Blastocysts were fix in 2% paraformaldehide for 20 min, permeabilized in 0.02% Triton X-100 for 20 min, preincubated in 2% fetal calf serum in PBS 1 h, incubated for 1 h in the primary antiboby, washed for 1 h in PBS, and incubated for 30 min in the secondary antibody.
Antibodies.
For immunological work, affinity-purified antipeptide antibodies against catenins were used as described (5). Rabbit antiserum against mouse E-cadherin was raised against the recombinant extracellular domain of E-cadherin expressed in insect cells (29) and affinity-purified. Purified antibodies (20 ng/ml) were used for enhanced chemiluminescence detection on immunoblots and 2–5 μg for immunoprecipitations.
RESULTS
Characterization of the Gene Trap Insertion and LacZ Activity in Mice.

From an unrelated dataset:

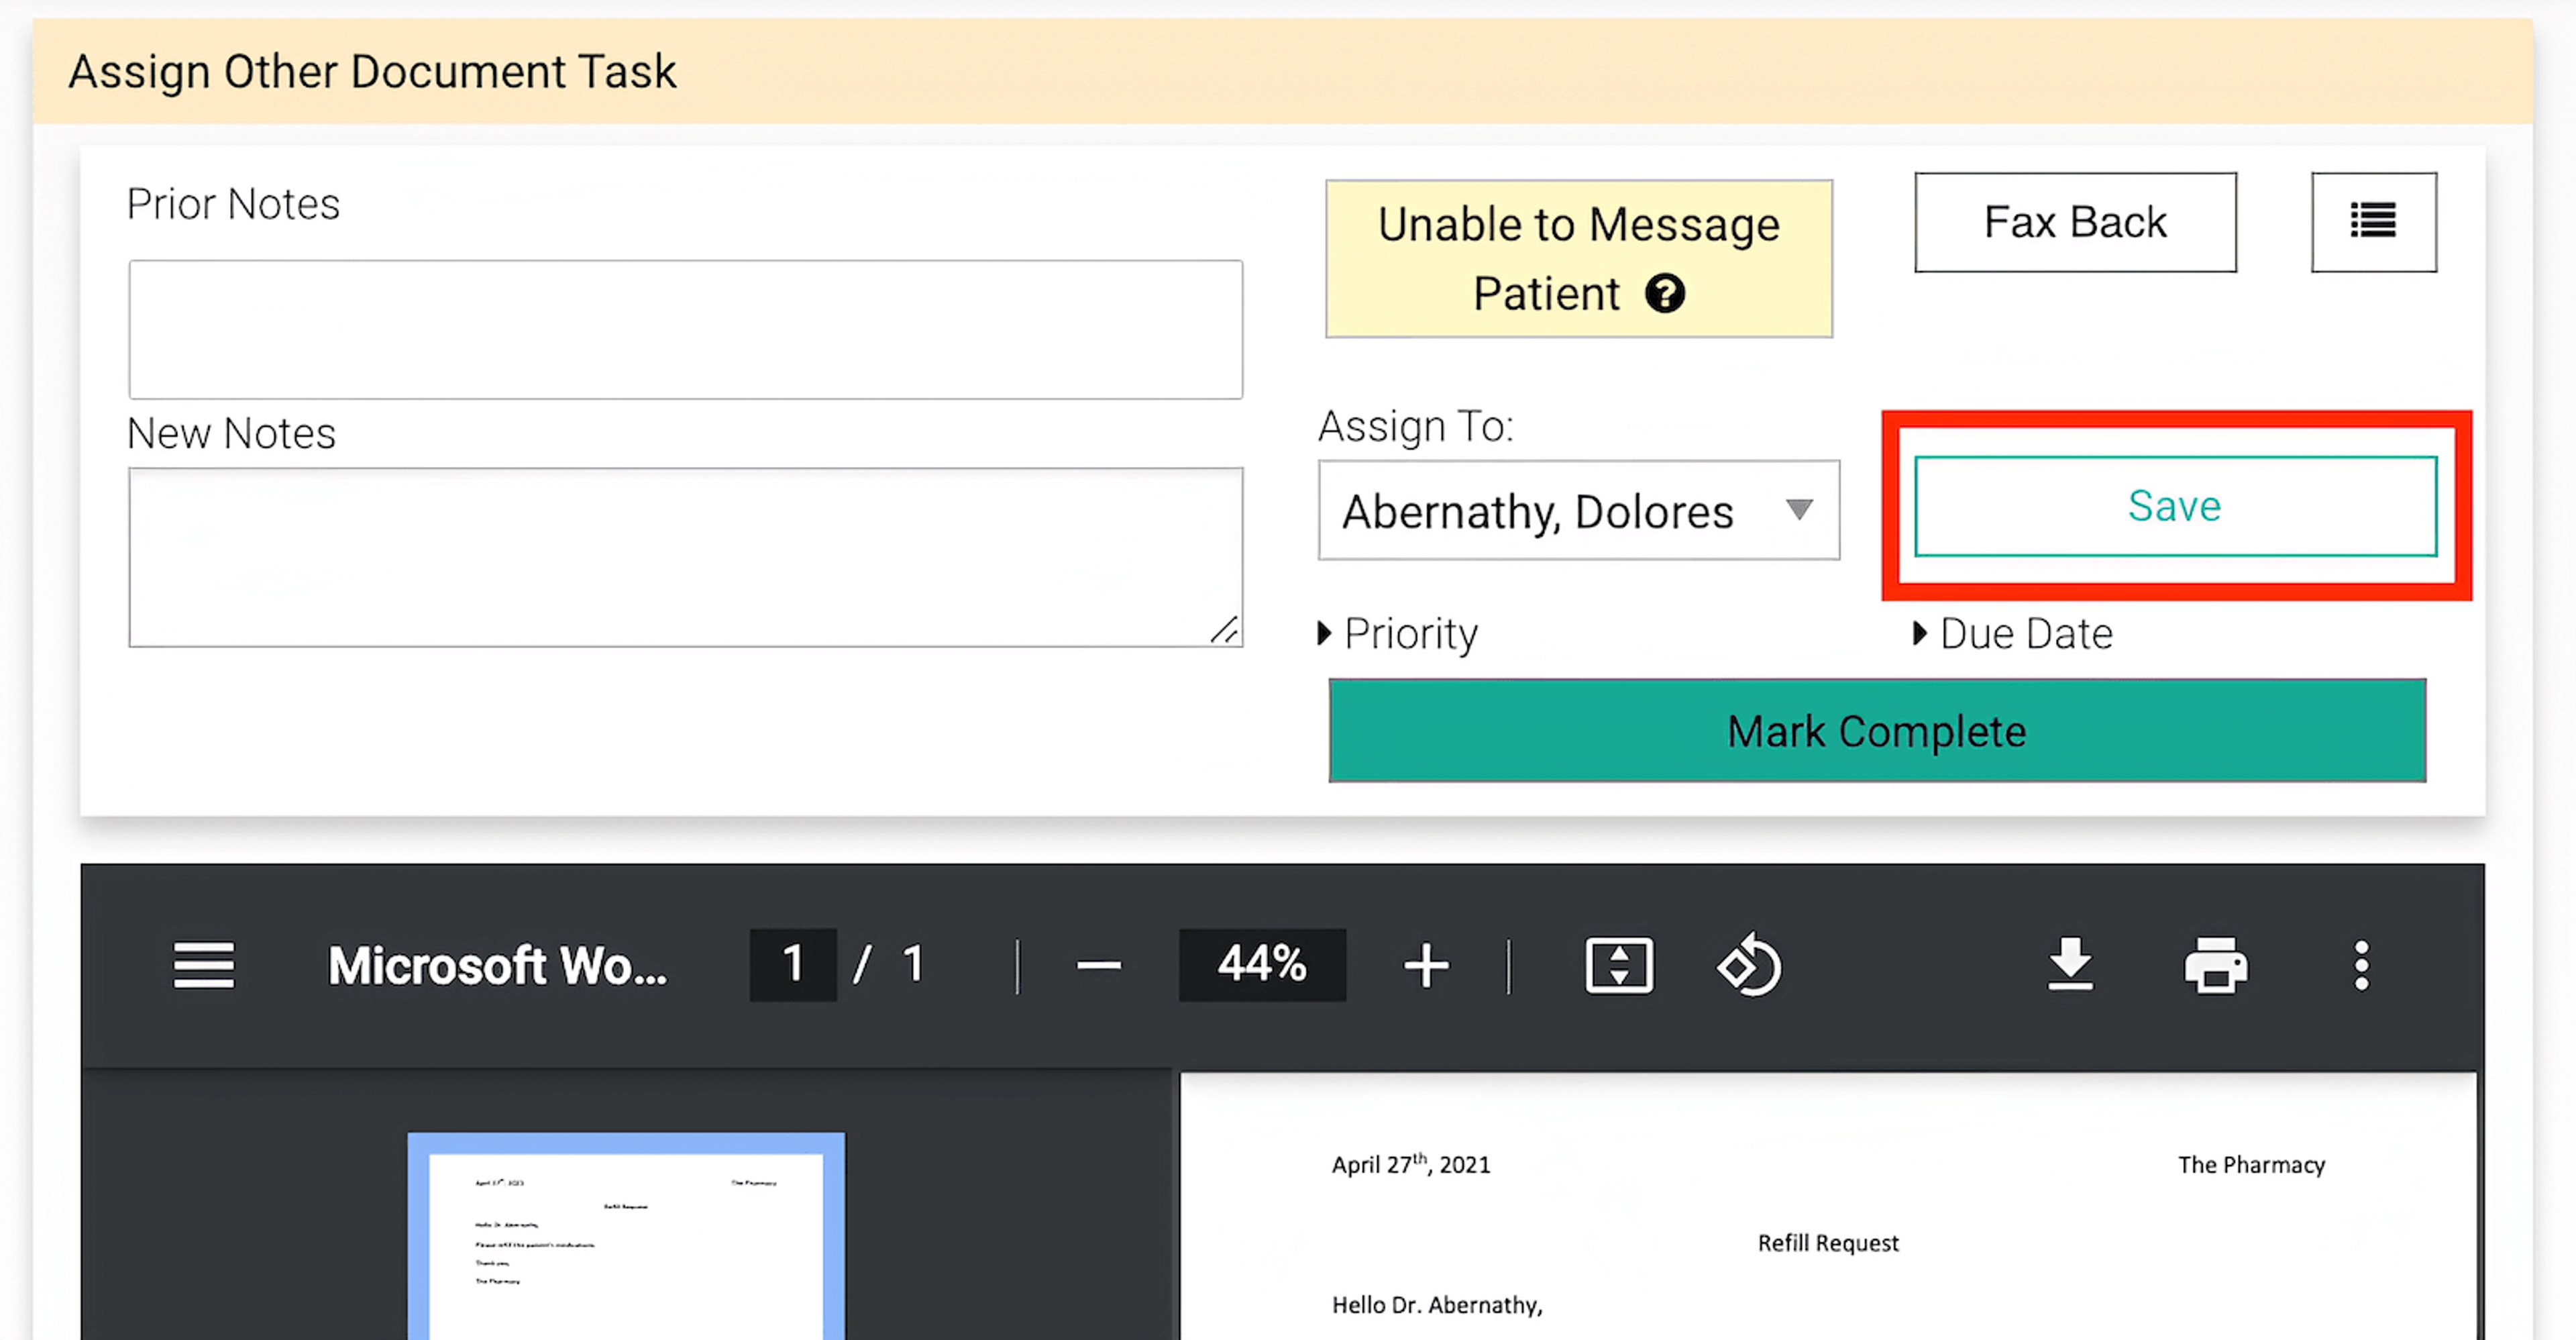 Assign Other Document Task workspace with the Save button highlighted in red.

In a large-scale gene trap screening program, we have isolated an ES cell clone trapping a promoter showing an interesting spatio-temporal expression pattern. Using 5′ RACE from the known reporter gene sequences, a fragment of the endogenous gene was cloned. The sequence of the 5′ RACE product revealed an insertion into the coding region of the α-E-catenin. (Fig. 1 A and B). The sequence obtained shows an in-frame fusion of the reporter β-geo gene to the α-E-catenin after the position encoding the amino acid 632 of the 906 aa composing the protein (12, 13) (Fig. 1 C and D). We refer to this mutation as α-E-cateninGT1. The insertion predicts the expression of the reporter protein β-geo, fused to the truncated α-E-catenin protein, under the influence of the α-E-catenin gene control regions.
We found that the LacZ reporter gene is extensively expressed during embryonic development, mostly confined to all epithelial tissues irrespectively of their germ layer origin. Expression in epithelia occurs both in transient embryonic structures, such as somites, mesonephros, and early neural epithelium, as well as in definitive epithelia in different viscera, such as lungs, pancreas, gut, kidney, and ependymal layer in the central nervous system, among others (Fig. 2). The LacZ expression observed is in agreement with and extends previously reported expression data of α-E-catenin (19, 30).
Figure 2.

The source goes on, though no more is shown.